Wednesday, October 6, 2010

Retail Stories

Got my Target shopping in Tuesday. No telling how I’ll feel later this week if things don’t go too well for the Yankees at Target Field Wednesday and Thursday nights in their first round playoff games against the Minnesota Twins.

Despite what Gilda might tell you, I’m not a really rabid fan. I don’t get too ballistic when my team loses. I usually get over it in a day or two. There are lots of fans, however, more crazed than I, so I’m wondering, if the Twins beat up on the Yanks, will New York fans take out their frustration and disappointment on Target and boycott its stores?
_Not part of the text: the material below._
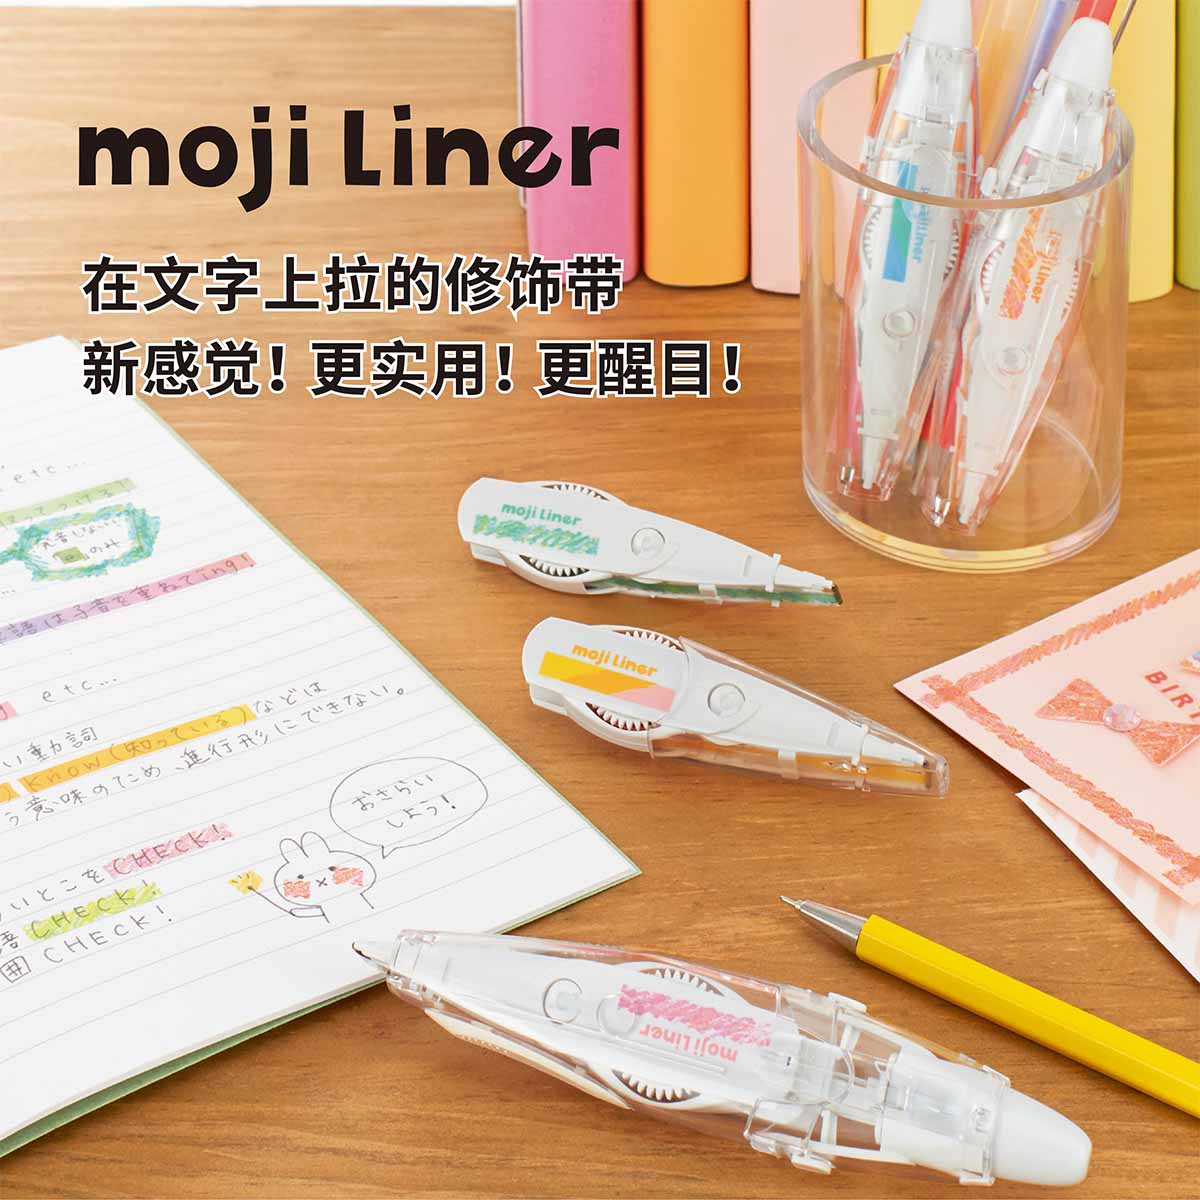 moji Liner 修饰带

At least until the Twins are eliminated?

Anything’s possible...

As long as we’re on the subject of retailing, some people think the appearance of in-store Christmas decorations signals the arrival of the holiday selling season. To me, the harbinger is the frequency of newspaper, magazine and TV news articles on retailing.

Saturday’s NY Times provided a case in point—a page one article on Macy’s efforts to rev up sales by tailoring assortments to local markets and a front page of the business section story on Toys “R” Us’ plan to revive F.A.O. Schwarz by placing boutiques of the specialty retailer inside the mass market TRU stores.

Macy’s and Toys “R” Us...hmmm. Now, the good people at The Times editorial desk would deny any ulterior motives, but what a coincidence that two of the newspaper’s key advertising clients wound up with mostly flattering articles?

Perhaps I’m being too cynical (it goes with the territory of being a journalist, even a retired journalist). Let’s give The Times the benefit of the doubt that the Chinese wall between editorial and sales still exists with no holes in it and end with a nice retailing story.

The other day I needed a replacement knob for a floor lamp. I walked into a local lighting store, the type that looks and feels like an old hardware store where they are more attuned to repairs than to selling new throwaway lights. Sitting at a table was an elderly gentleman I recognized as the proprietor. He was wearing a travel photographer’s vest, you know, the type with multiple pockets in front and back. I told him what I needed, he said, “OK.” He reached into one of his vest pockets and fished out a knob. When I asked what else he had in there, he said, “Everything. No charge.” Now that’s what I call service. I left the store smiling.